Арбузный поезд останавливался и снова трогался в путь, то под палящим солнцем, то под проливным дождем. Много раз Тацуру набиралась смелости, чтобы прыгнуть вниз, и столько же раз собиралась с духом и оставалась в вагоне. Несколько дней она ела одни арбузы, и все ее тело с головы до ног вымокло в красно-желтом соке, растрепанные ветром волосы слиплись и легли на плечи, словно соломенный плащ мино[55]

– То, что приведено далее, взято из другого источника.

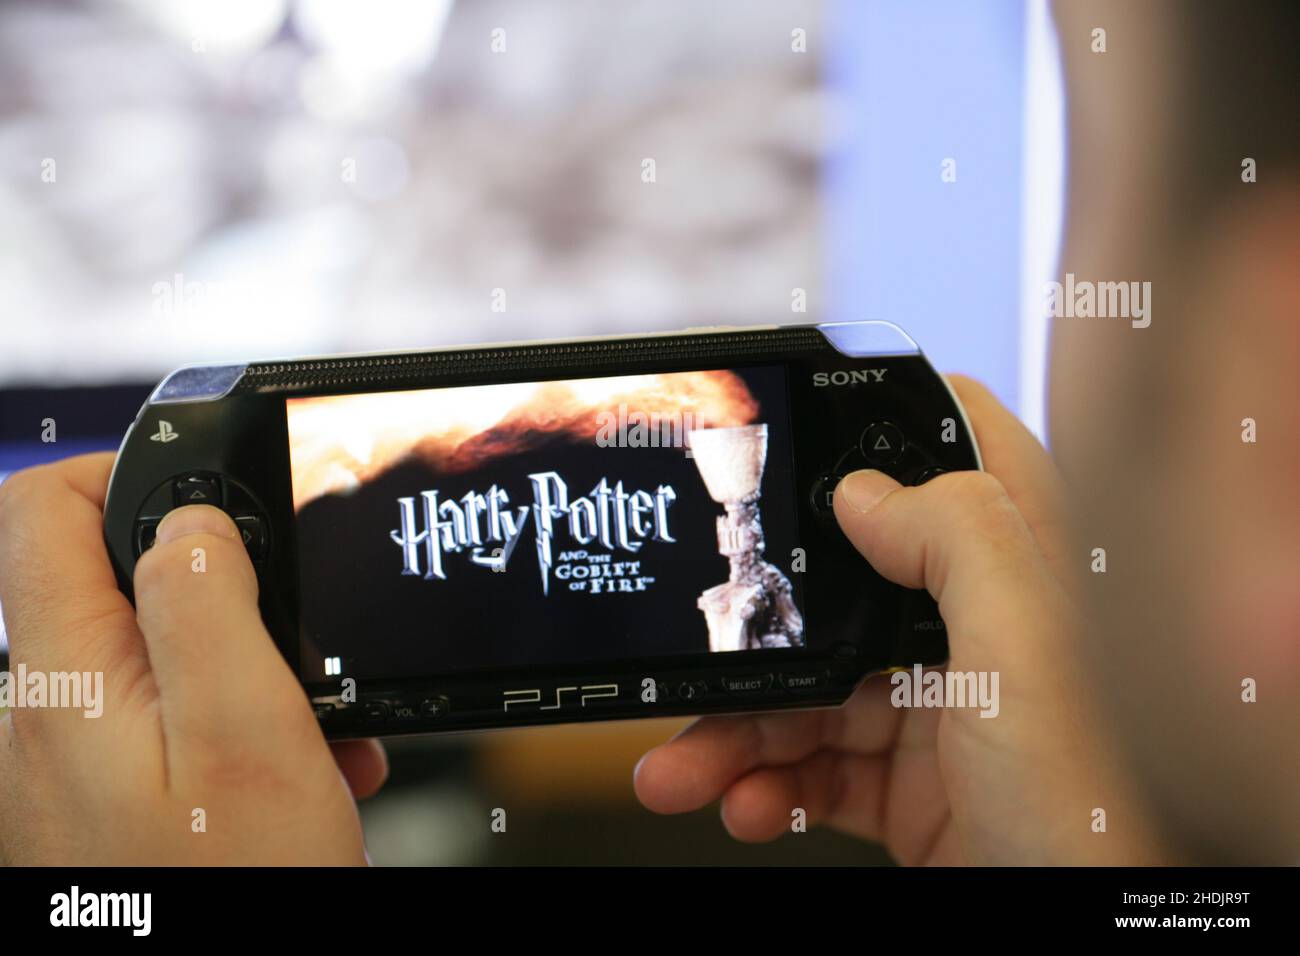 PSP-portabel PlayStation - Harry Potter jeu .Electronic Arts développeur de jeux vidéo étaient responsables de la création des jeux vidéo Harry Potter. Banque D'Images
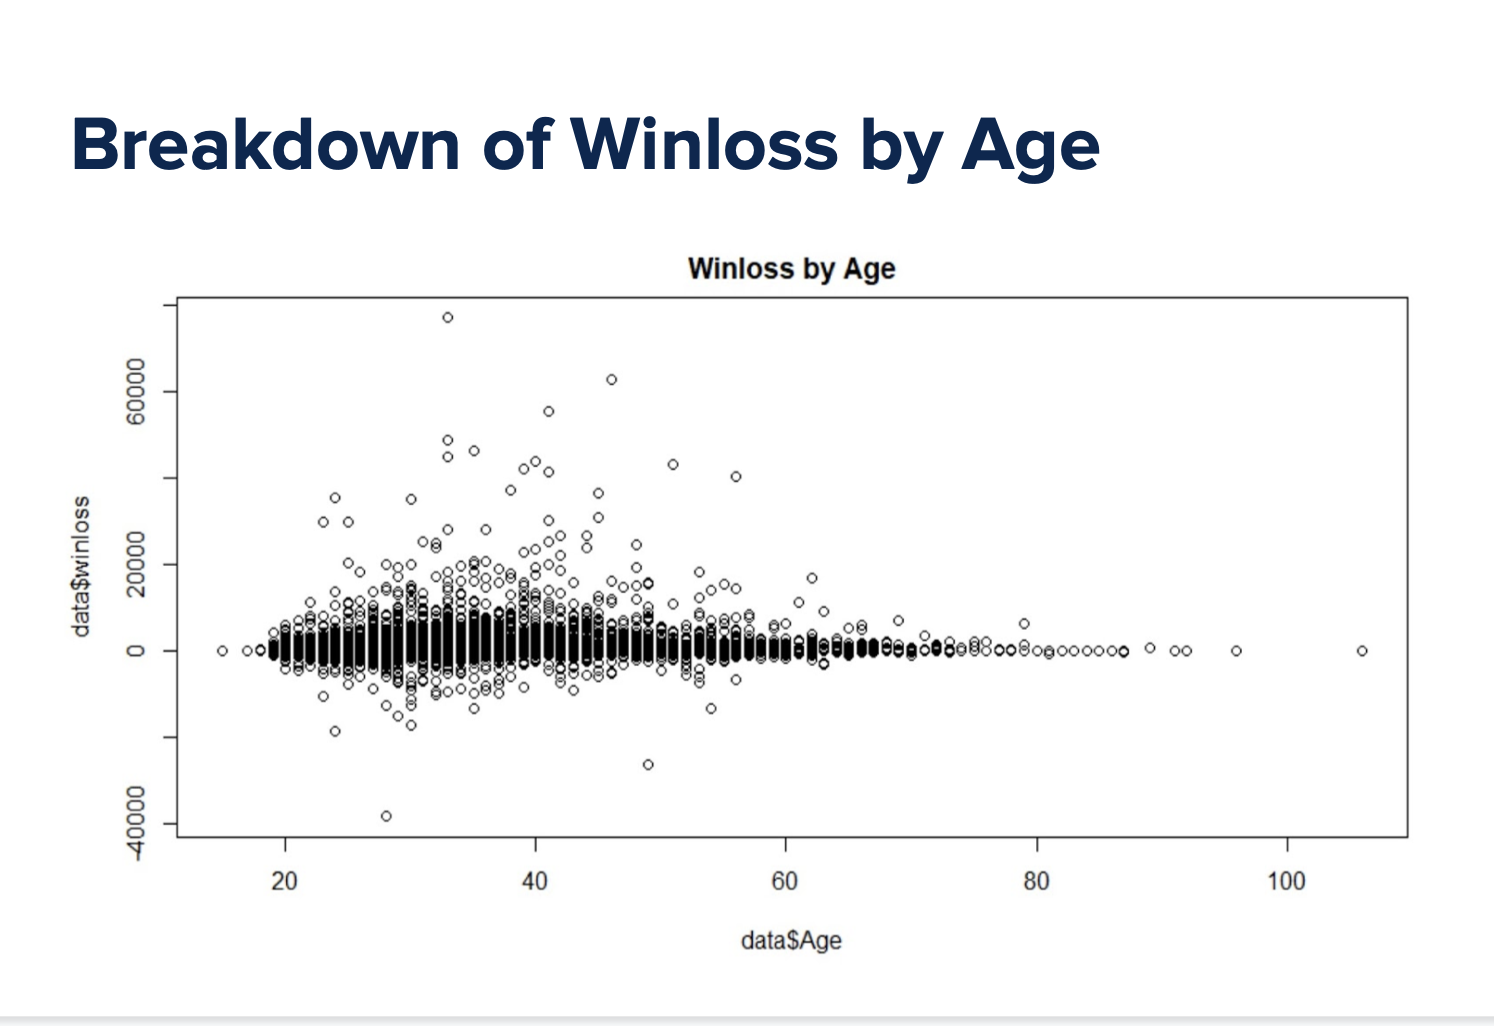 Winloss by Age

. Голову заполнял вой ветра — звук трения поезда о темноту. Этот звук буравил ее плоть, разбегался по сосудам и улетал прочь с двумя ручейками слез. Она лежала ничком на стылых перекатывающихся арбузах, позволяя этим ненадежным круглым попутчикам швырять себя то вправо, то влево. Много лет назад хунхузы посадили Тацуру в мешок и бросили на спину скачущей во весь опор лошади, но и тогда она не чувствовала такого отчаяния, как сейчас. Лежа на арбузах, она вспомнила про Амон.Амон, которая рожала в придорожной канаве. Рассыпанные волосы, восковое лицо, мертвенно-бледные губы — такой встречала Амон вечер сентября 1945 года. Она была похожа на гору обагренного кровью мусора: промокшее кимоно, залитые алым ноги, окровавленный ребенок, еще горячий. Она шла, шла, да так и родила на ходу. Едва успев появиться на свет, младенец испустил дух, длинная пуповина свивалась кольцами, как плеть у недозрелой тыквы. Амон никому не давала подойти, оскалившись, кричала: «Вперед! Прибавьте шаг! Не подходите! Не убивайте! Я мигом догоню! Не убивайте — я еще не отыскала мужа с сыном!» Ее ладони были вымазаны кровью, она махала путникам этими ладонями, и только оставив Амон далеко позади, люди понимали, что этот ее оскал, оказывается, был улыбкой. Улыбаясь, она просила пощады: «Не убивайте, я еще не отыскала мужа с сыном!» — облитую кровью руку Амон сжала в кулак и размахивала им вверх-вниз, в такт своему крику: «Впе-ред! Впе-ред!»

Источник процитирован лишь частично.